Over the last few months, the Indian stock market has felt like a roller coaster. After soaring to record highs in September 2024, the main indices—Nifty 50, Nifty Midcap 100, and Nifty Small Cap 100—have tumbled by 12% to 16%. Rising US bond yields, foreign investor sell-offs, and weaker corporate earnings have all played a part.


Naturally, many people are asking: “Is now a good time to buy?” On the surface, a drop in prices might seem like a great deal. But are these levels really cheap—or just cheaper than they used to be?


To help answer this question, investors often look at price-to-earnings (PE) and price-to-book (PB) ratios. The Nifty 50’s PE and PB numbers are back near their long-term averages, hinting at fairer prices. However, those ratios are based on past results, so they don’t reflect the potential impact of the budget or other future developments.


Looking at forward PE (which factors in expected earnings) tells a slightly different story. Nifty 50 is trading around 20 times its projected earnings—more expensive than its 17.2-times historical average but still below 21.7 times, which is one standard deviation above that average. Midcap and small-cap indices are even pricier relative to their usual levels.

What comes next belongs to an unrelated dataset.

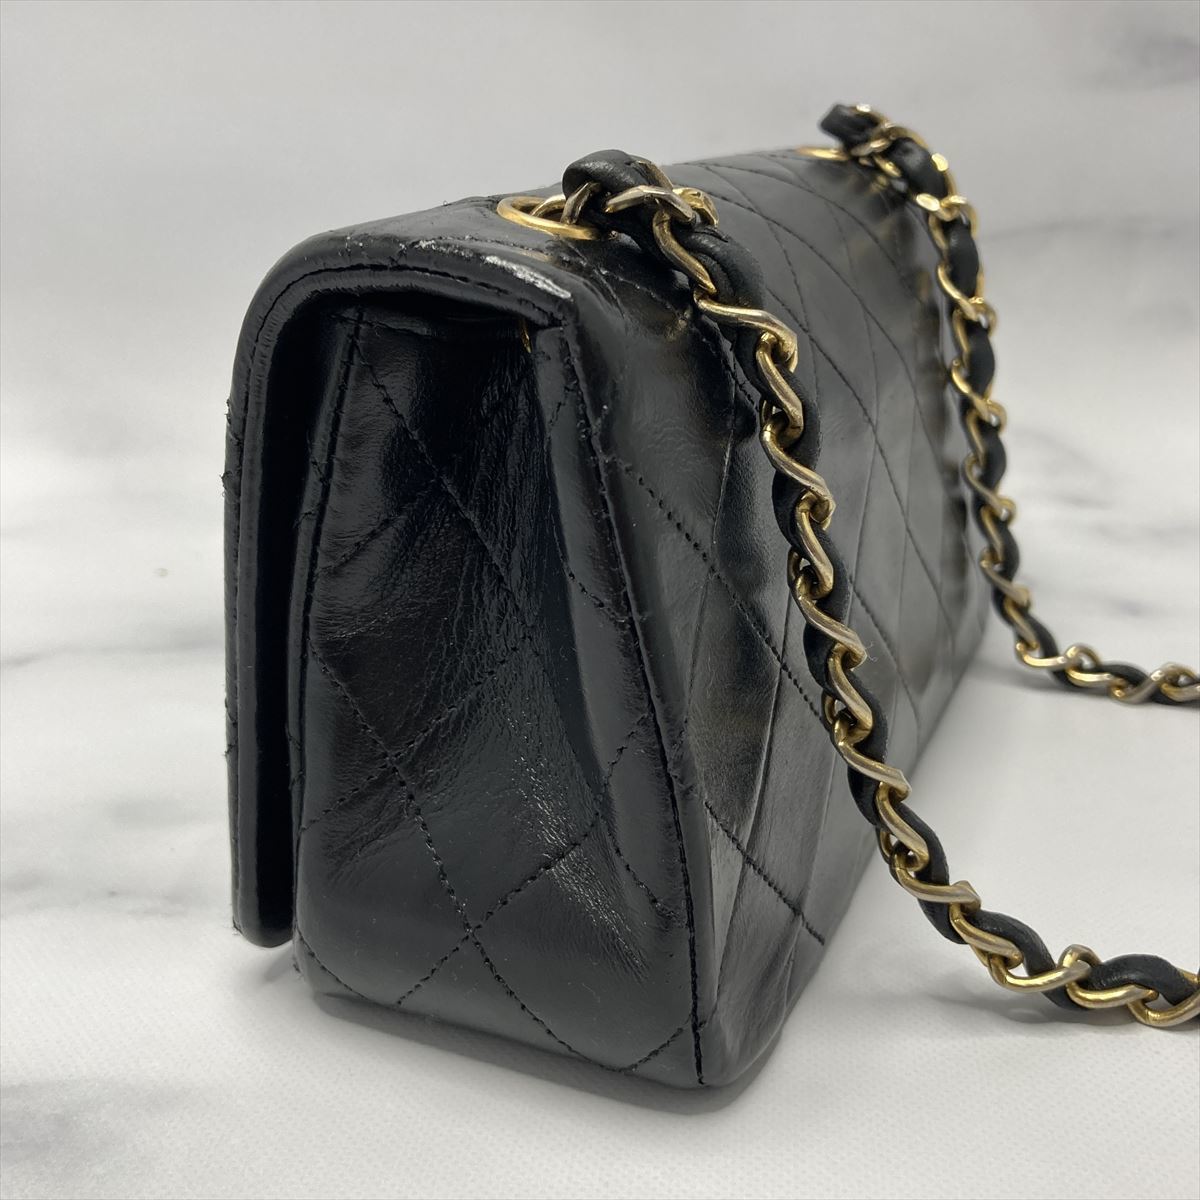 シャネル マトラッセ チェーン ショルダーバッグ 黒 ブラック CHANEL MATELASSE Chain Shoulder Bag Black_画像3

One bright spot is the bond yield premium (the gap between 10-year government bond yields and stock market earnings). It’s at 173 basis points, which is below its 10-year average of 223. This could mean shares still look attractive to investors who focus on yield.


Bottom line? The market isn’t exactly cheap, but it’s definitely less frothy than before. If you’re planning on investing, stay focused on strong companies with solid fundamentals—and be prepared for a few twists and turns along the way.